Laguna Seca they lift for the kink down the main straight
Apricot Hill they brake way to hard for the corner leading onto the main straight, the most important one on the track as they are then slow down the entire straight.
Matterhorn Rotenboden (I think) they very nearly park on the tight turn.
The list just goes on.

The physics model keeps getting better, I am still finding wonderful cars to drive but the actual game seems forgotten.
Online desperately needs community features & offline needs a total overhaul unless you are in to time trialling.
 
As said above: the AI is not bad, and when it will decide to push it will usually make you cry no matter how fast you are (because it uses Magic Anti-Spin, AKA SFR). But a bad combination of dumbing down with no recourse and limitations in the computing capabilities of the PS3 (which go against the AI rather than the graphic, because if the game turned into a 16-bit voyage of adventure from time to time we'd all be far more vocal in our complains) means that the AI has to start with a huge lead and then be rubber banded right in front of you to easily overtake to provide any resemblance of a challenge.

PS: is it just me, or the AI in the Hard Seasonals is far more proficient than the AI in the Career/Arcade modes?
 
PS: is it just me, or the AI in the Hard Seasonals is far more proficient than the AI in the Career/Arcade modes?

The AI in Arcade Mode is shockingly bad, this is despite a maximum field of I think 10 cars so lets not put it down to a lack of processing power.
 
One thing that makes the AI seem particularly poor is the issue between boundaries and collision boxes. I've continued to study it after I came across it, and I'd say that a good half of incidents caused by the AI are down to it.

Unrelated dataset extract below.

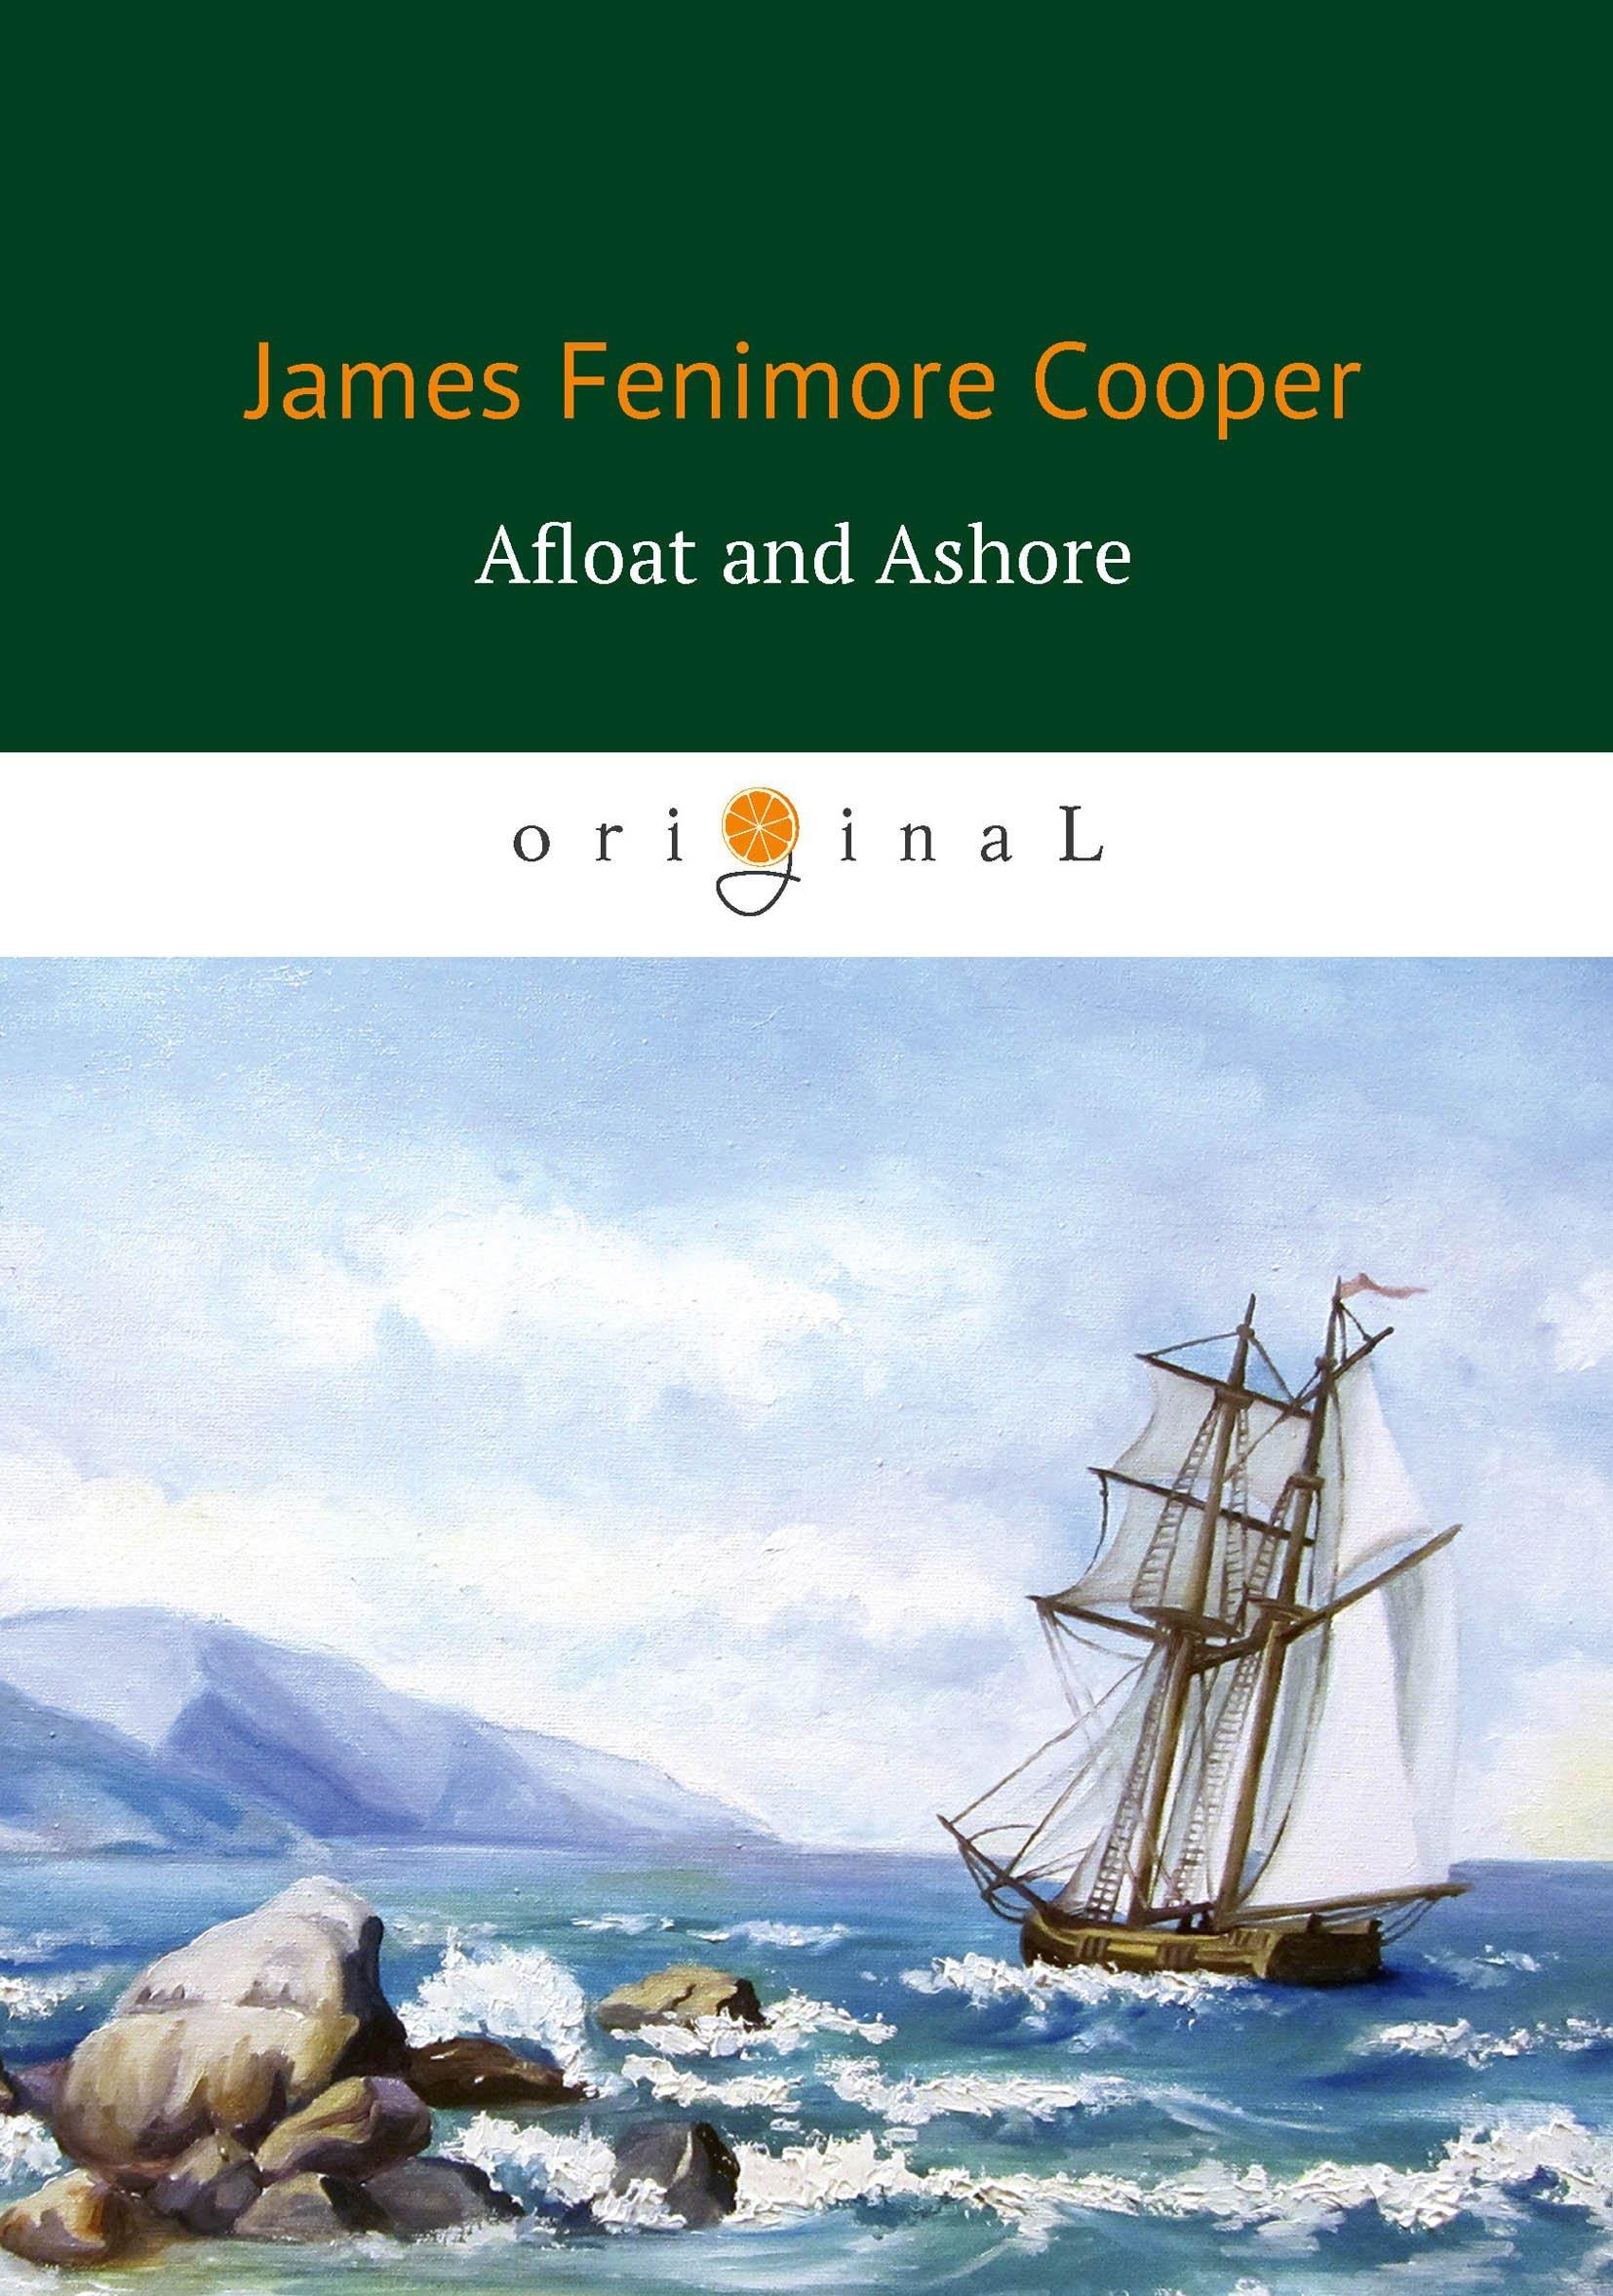 Купер Джеймс Фенимор Afloat and Ashore = На море и на суше: роман на англ.яз джеймс фенимор купер the red rover afloat and ashore

Also, the AI "improvement" thing is ludicrous. It's just a game of misjudged divebombs and random crashes on the AI's part. Strangely though the Nurburgring seasonal actually gave me a fair, if dull race for once - the Huayra kept what I'd call a respectable pace.
 
The main place I've witnessed the poor AI is on Apricot Hill in the Red Bull challenge. They all seem to follow the racing line until the exact moment you pass them.